Counties and municipalities had been forbidden from passing such ordinances by a provision in House Bill 142, a North Carolina law that also repealed House Bill 2 — popularly known as the “bathroom bill” for its requirement that transgender people use facilities corresponding to the gender they were assigned at birth. However, the relevant HB 142 provision expired on Dec. 1; Orange County and several municipalities have since approved nondiscrimination ordinances.
Buncombe’s proposed language, added to the county board’s agenda by Democratic Chair Brownie Newman and Commissioners Jasmine Beach-Ferrara and Parker Sloan, would ban discrimination in employment based on “race, natural hair or hairstyles, ethnicity, creed, color, sex, sexual orientation, gender identity or expression, national origin or ancestry, marital or familial status, pregnancy, veteran status, religious belief or non-belief, age or disability.” The rules would also apply to public accommodations such as restaurants, hotels and homeless shelters (but not bars, which in North Carolina are classified as private clubs.)

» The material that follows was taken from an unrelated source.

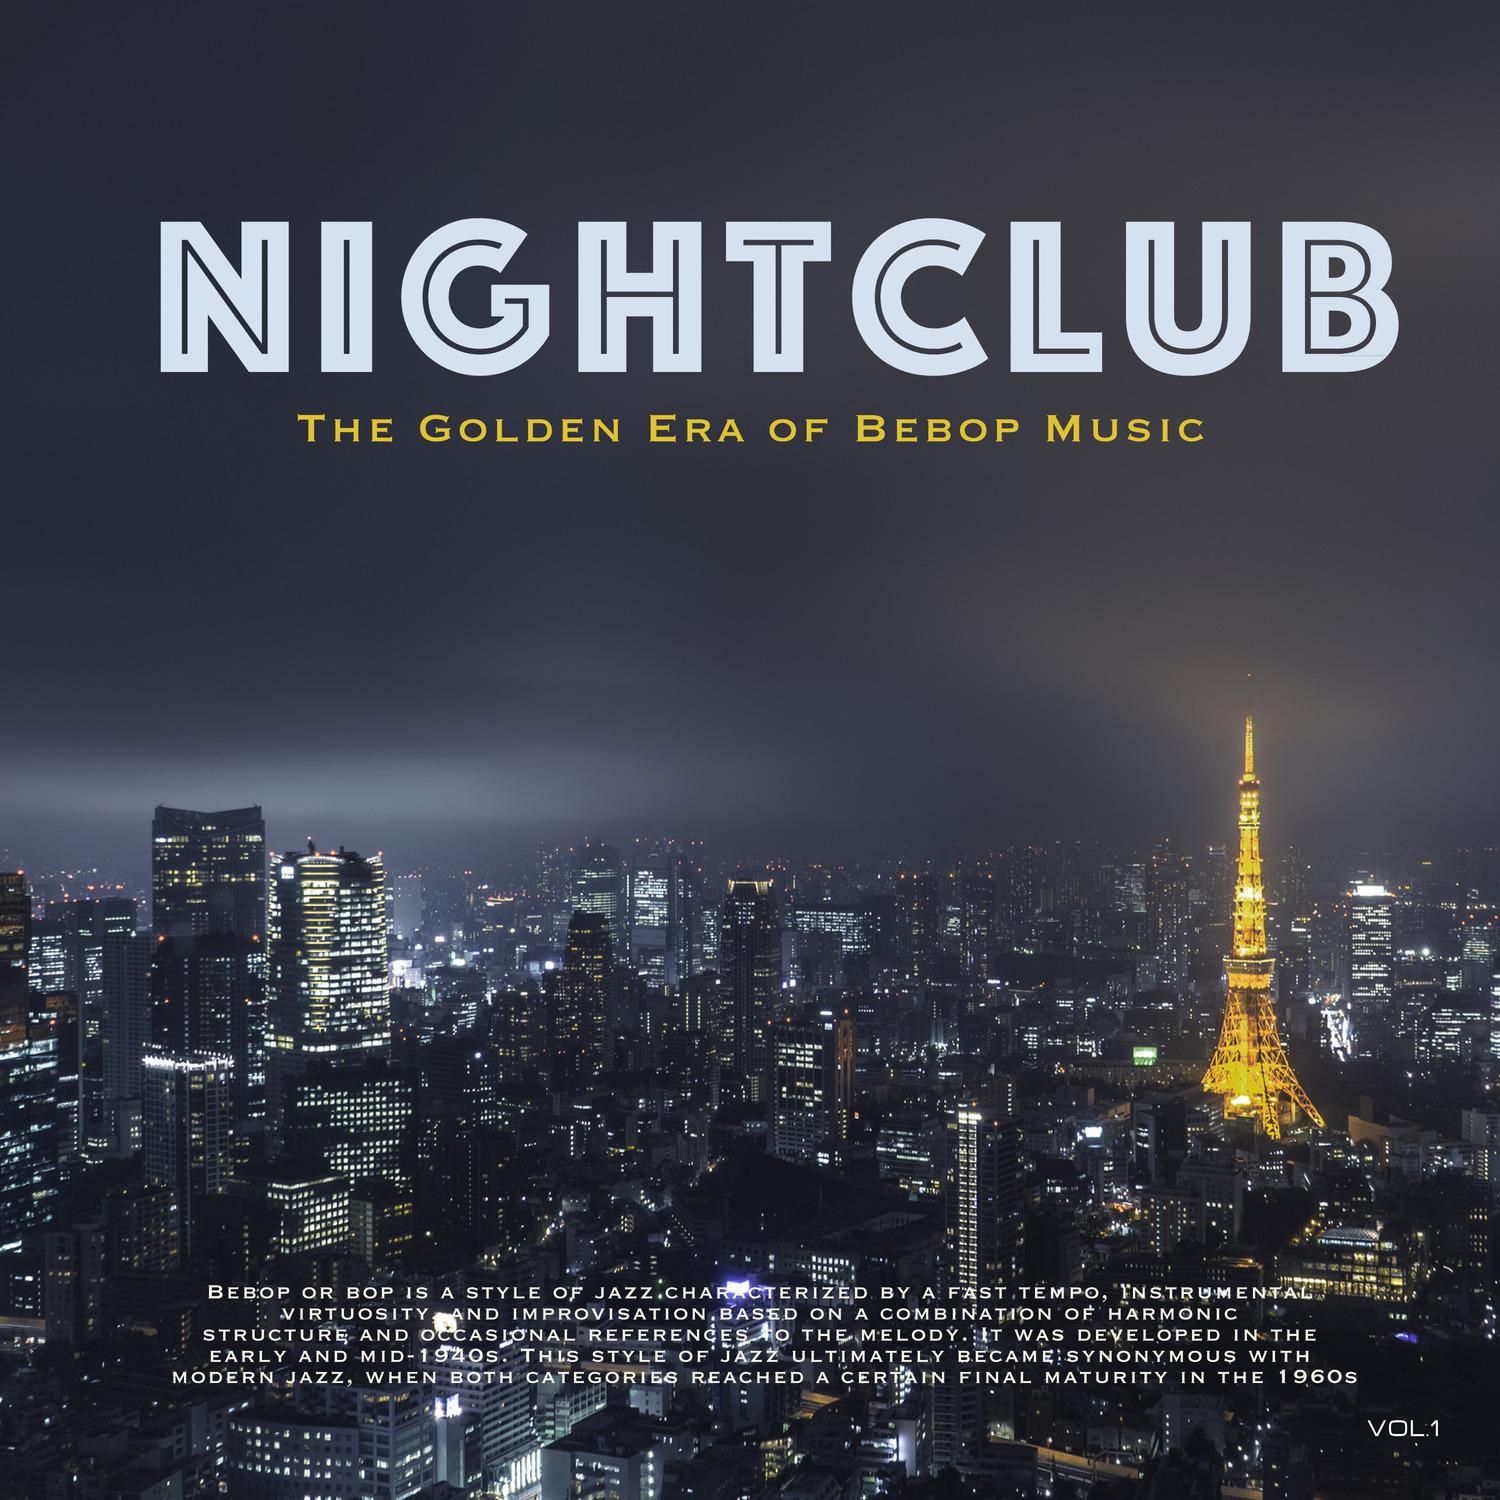 Nightclub, Vol. 1 (The Golden Era of Bebop Music)

The potential penalty for violating the ordinance, a $100-per-day civil fine, has been weakened from the $500-per-day fine included in a draft floated by Beach-Ferrara on March 2. If approved, the rules would not go into effect until Thursday, July 1, giving county staff time to develop a process for receiving and investigating discrimination complaints.
In other news
A controversial Pratt & Whitney manufacturing plant returns to the board for a rezoning request. The move would reclassify 11.57 acres of the 100-acre Biltmore Farms parcel slated for the project from R-3 residential to EMP employment, thereby matching the rest of the property. Both Buncombe staff and the county planning board support the zoning change.
Commissioners will also hear presentations regarding Agriculture Awareness Day and the Western North Carolina Regional Air Quality Agency. Another presentation regarding facilities at the Asheville City Schools is scheduled, but no documents were linked to the board’s agenda as of press time.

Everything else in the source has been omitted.